All the way home, I had been wondering what to do when we got there. Okay, I’ll admit that I wanted Melodee. To this day, I have no idea why we didn’t have sex in the truck, but it seemed right just kissing her. Once we got home, I thought things would be different. I know there are some reading this who will fuss about my kids being in the house, but I wasn’t thinking about that.
I walked Melodee to her room, and she opened the door. She turned to face me and smiled, though it looked a little shy, something I had never seen from her before. She asked, “Would you like to come inside?”

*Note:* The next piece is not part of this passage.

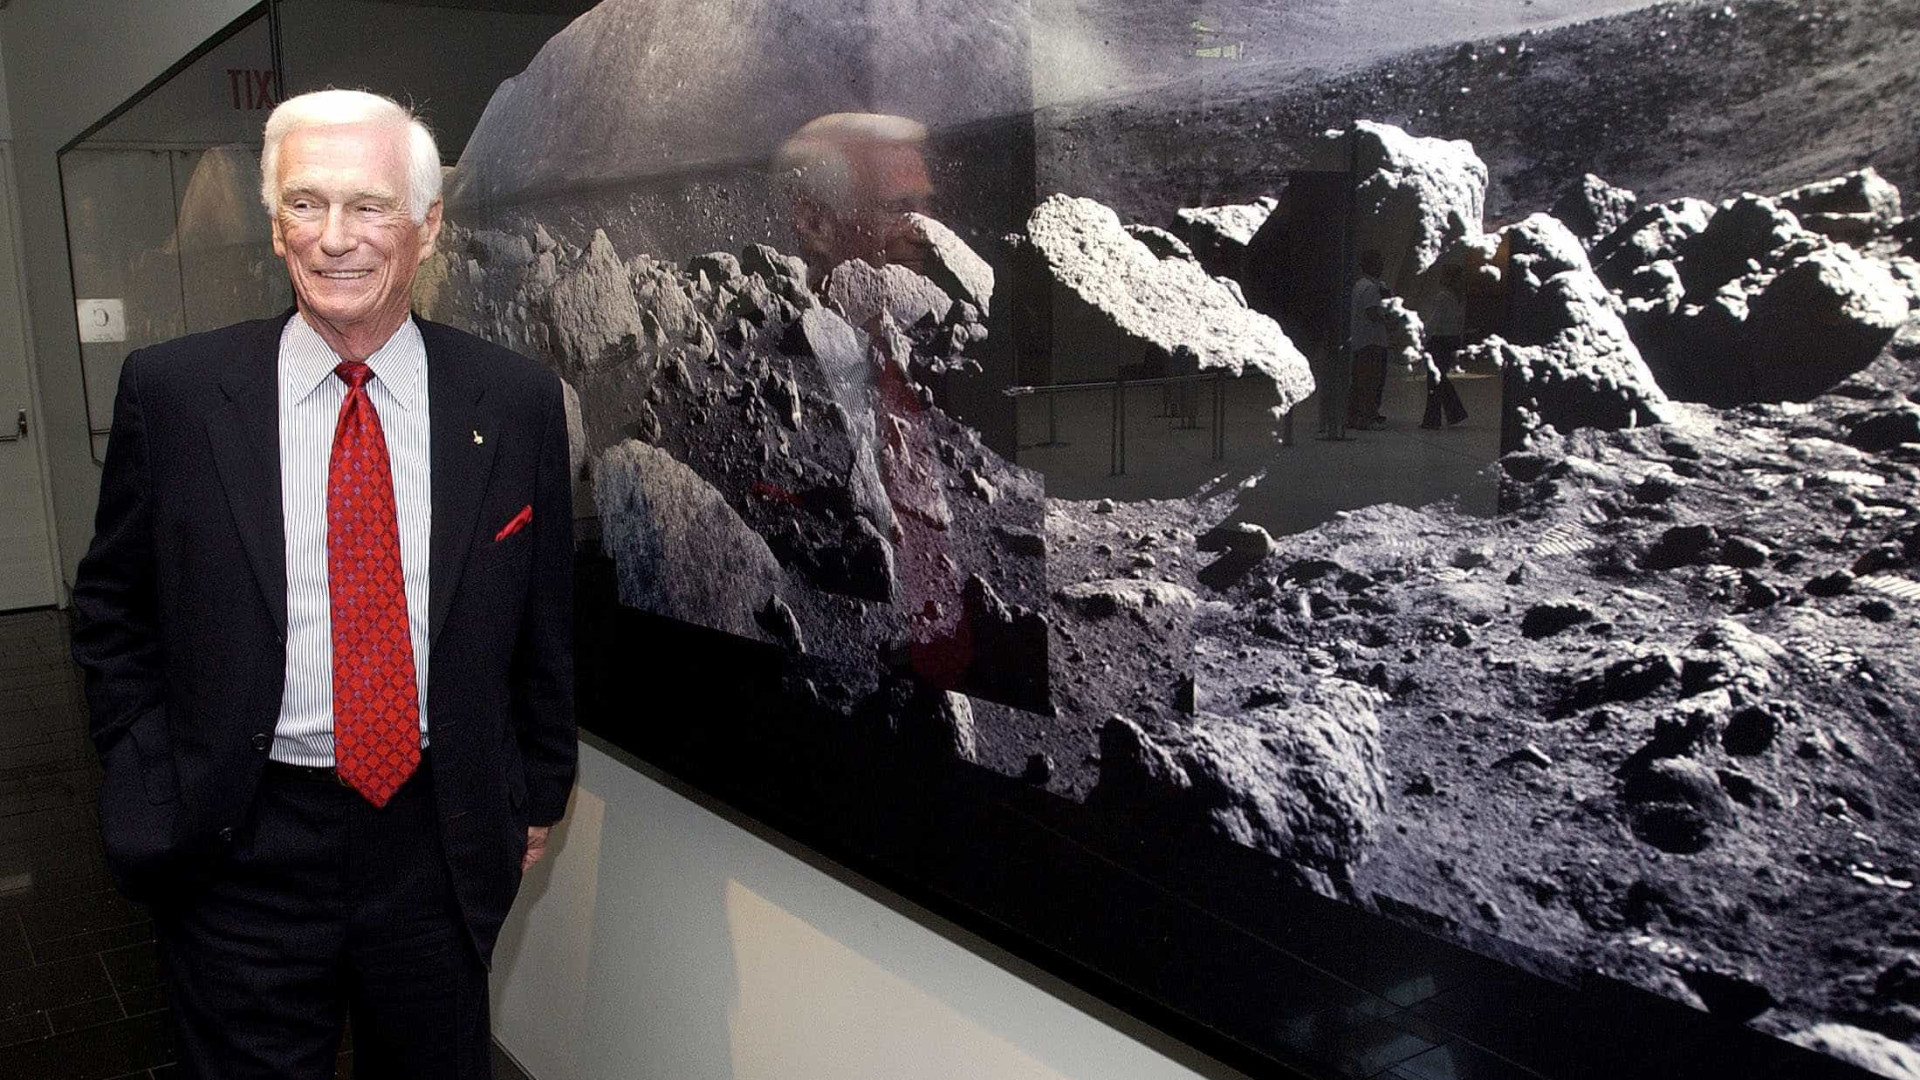 Morre o astronauta Gene Cernan, último 
homem a pisar na lua

I didn’t even think about it. It was like I had planned it all, and rehearsed the lines, and knew exactly what to say to her. I reached up and put my hand on her cheek. “No, we both need to think about this and what happened.” I kissed her cheek. “Goodnight, Melodee.”
I walked down the hall toward my room.
By the time I got to my room and closed the door, I was ready to kick myself. I don’t know how long I was in the shower (cold, by the way) before I noticed that I still had my socks on. But sometime around when I laid down and turned out the light, I realized what had happened.
At some point over the last five years, I had fallen in love with Melodee. The fact that she was acting an awful lot like I was told me that maybe, just maybe, she felt the same way.
I slept very well that night, and I had wonderful dreams about an amazing woman.